Response of moist-air receptor on antenna of the stick insect, Carausius morosus, to step changes in temperature

Abstract

The moist-air sensory cell in the antennal mound-shaped sensillum of Carausius responds to changes in relative humidity brought about by changing either the temperature (T) of the air or the partial pressure of water vapor (Pw) (Figs. 1, 5). When changes in either parameter cause relative humidity (Hr) to rise between roughly 5% and 55%, the same Hr-changes elicit very close to the same responses, no matter how Hr is changed (Figs. 2, 3). Even the resolving power for upward Hr-steps produced by lowering T is very close to that produced by raising Pw: 7.4% vs. 6.3%. Thus upward transients in impulse frequency (F) may be read off directly as quantitative rises in Hr. Whether the rise in Hr as signalled by the moist-air cell is the result of a rise in Pw or of a drop in T could well be indicated by the simultaneous reactions of the cold and dry-air cells (Figs. 1, 5).
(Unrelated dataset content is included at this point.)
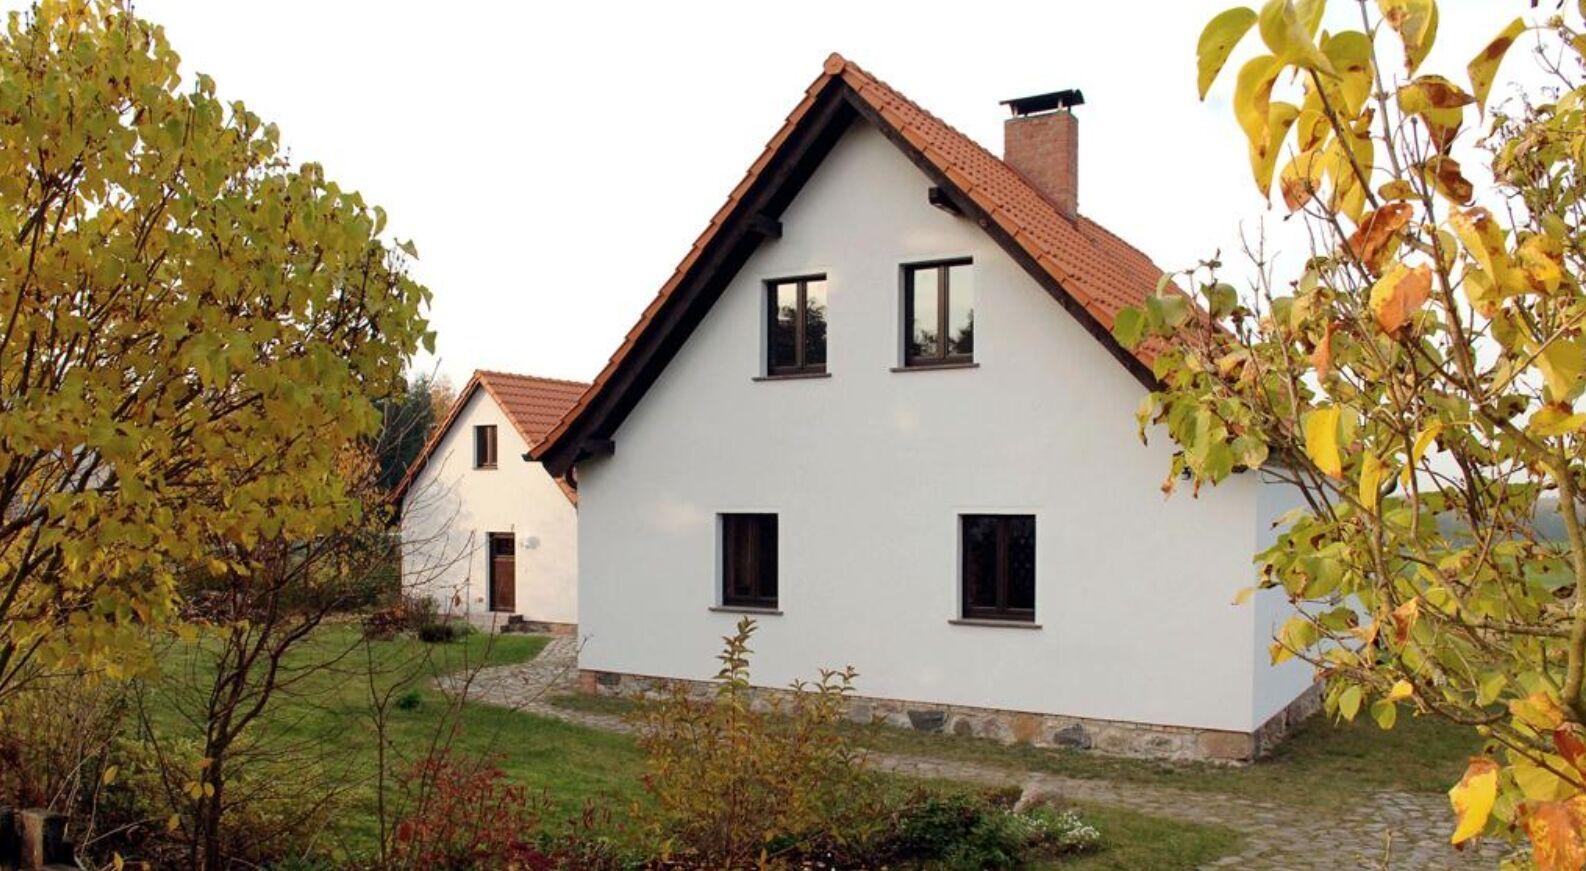 Заміський будинок Ангели Меркель у бранденбурзькому районі Уккермарк

The moist-air cell also reacts to downward step changes in Hr, but very differently, depending on how they are brought about. Upward steps in T have a much larger effect on F than corresponding downward steps in Pw (Fig. 4). This result demonstrates that changes in relative humidity do not suffice to explain the changes in the activity of the moist-air cell. The receptor may be better construed as bimodal, reacting to changes in T and Pw with independent sensitivities and well matched to relative humidity when changes in either lead to increases in this parameter. The moistair cell's responses to T-steps at Pw = 0 (Figs. 1, 5) offer some support for this interpretation.